Finances are the biggest anxiety for most artists considering commissioning. I’ve gotten some small grants, invested my own money, accepted generous donations from long-time career cheerleaders, and bartered with composers (trading my time and talents for theirs). I still worry about how I’m going to make it all happen–particularly at a time when I haven’t been able to make money as a singer in over a year–but I believe in what I’m doing and I have faith that I’ll find ways to bring it all across the finish line. Set your own commissioning goals, start saving money or pursuing outside funding sources towards the investment, and, most importantly, start building relationships with the composers in your community so that when the time comes, you’ll know who you want to work with.

Laura Strickling--Photo by Patria Alexander

Laura Strickling–Photo by Patria Alexander

You’ve performed hundreds of songs from almost as many composers throughout the course of your career. For composers who are new at writing for the voice, what are some essential elements they should keep in mind?

At last count, I think I’ve performed over 500 songs in thirteen languages! As with most disciplines, the best way to learn how to write for the voice is to do it. A lot. And for lots of different voice types. The human voice is the only instrument we are all born with. Exploring all of its expressive capabilities isn’t just an exercise in writing music, it’s a study of the very source of human communication. And while we are grouped into basic vocal categories–soprano, mezzo-soprano, tenor, bass, countertenor, contralto–no two voices are the same. The palate available for voicing your musical thoughts is inexhaustible!

When singers learn your songs, ask for, and be open to, honest feedback. They’ll let you know if the writing caused technical difficulties or barriers to clear delivery of the text. Over time, you’ll be able to preempt these issues without feedback. Don’t just ask the extreme possible range of notes for a singer to sing, strive to understand the concept of tessitura, the section of the voice in which each singer is most comfortable singing. Learn about passagio, the breaks between registers in the voice. Consider the dynamic balance between voice and instrument(s). Never forget that singers need to breathe and rests are our friends. Ask the singer you are working with if they are comfortable with any extended techniques you might want to employ (such as screaming, whispering, straight tone, audible inhalation or exhalation, intentional vocal fry, whistling, etc.)–they all take a physical toll on vocal cords, and not every singer will be willing to pay the price.

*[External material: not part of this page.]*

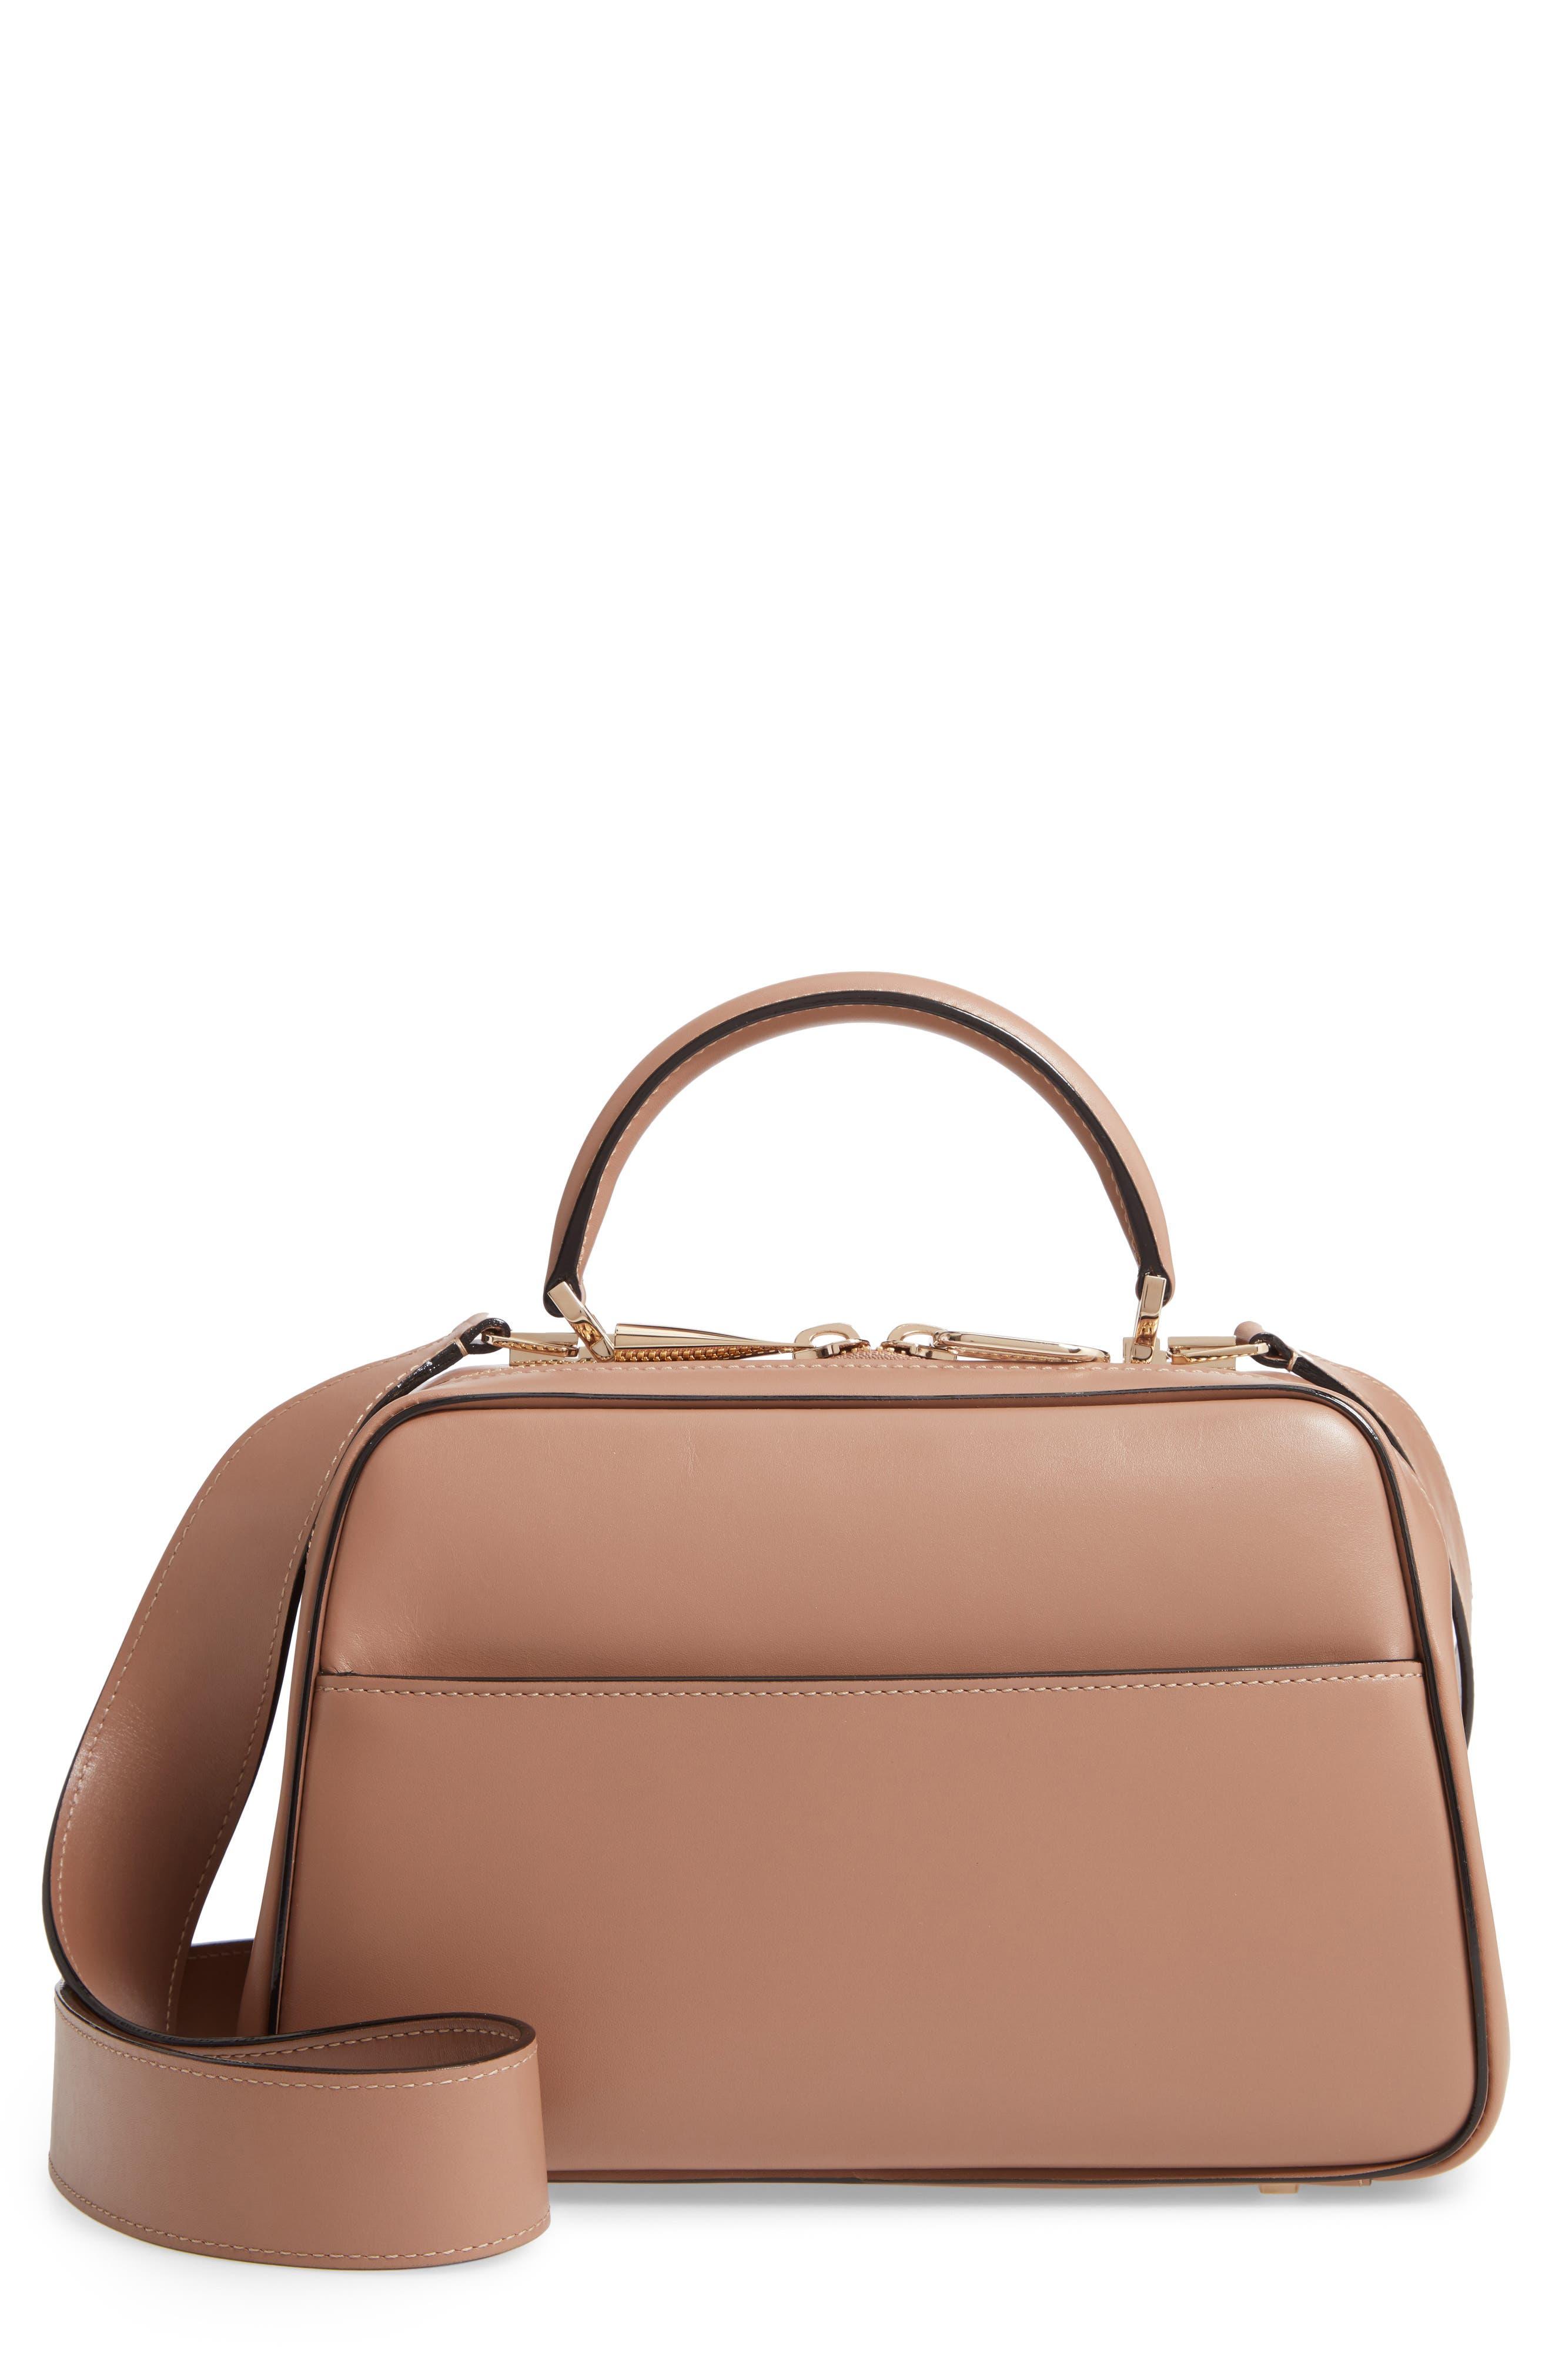 Valextra Medium Serie Leather Top Handle Bag   Nordstrom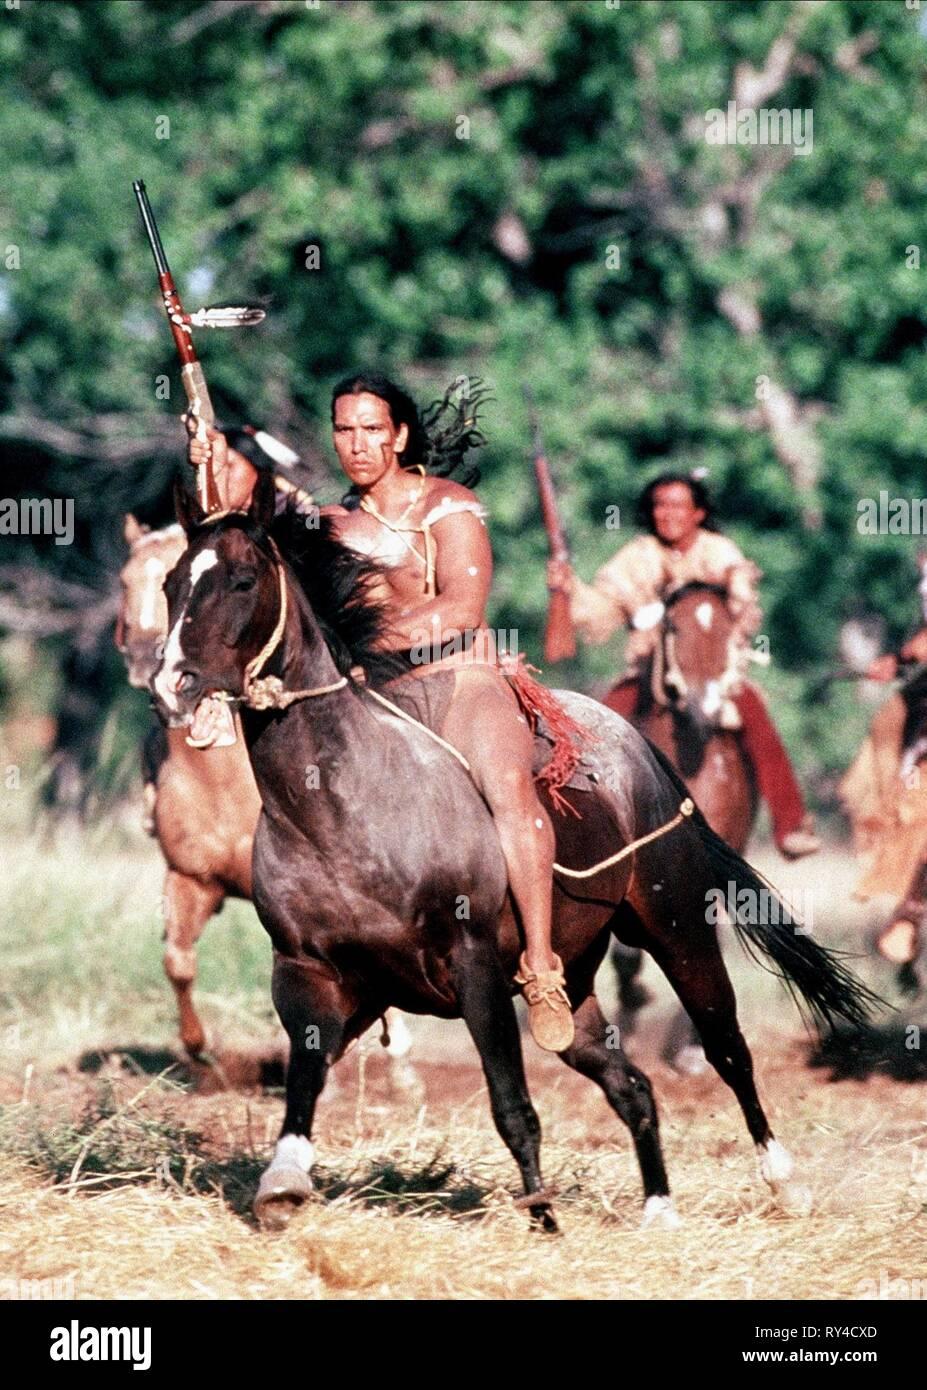 Crazy Horse Stock Photos & Crazy Horse Stock Images - Alamy

You have great power–singers need composers to write music for us to sing. You are in the vulnerable position of handing your creation over to us to interpret for the world–that is our power. And both sides of the equation are important.

The composers involved in “The 40@40 Project” employ a wide variety of musical styles and hail from various backgrounds, reflecting classical music’s increasingly diverse landscape. How would you encourage performers and presenters to find and explore new works, especially ones that might not be featured prominently in mainstream publications and concert series?

I looked to the artists around me. I am surrounded by composers from wide-ranging backgrounds with distinct musical points of view, and I am endlessly curious about how they do what they do. I’ve found that most of them want to talk about their work if you ask them. (And, note for composers, singers want to talk about what they do, too!) The overwhelming majority of the composers in The 40@40 Project were friends before I ever got the chance to actually collaborate with them, and the songs are so much more meaningful to me because I know the person behind them. Several of the poets in the project are friends of mine, as well. Being able to connect the threads of creation happening around me has been so fulfilling. Most of the composers working in your area are not famous (yet!), but they’re doing the work. Find them. Make music together. Your lives and the music you make will be richer for it.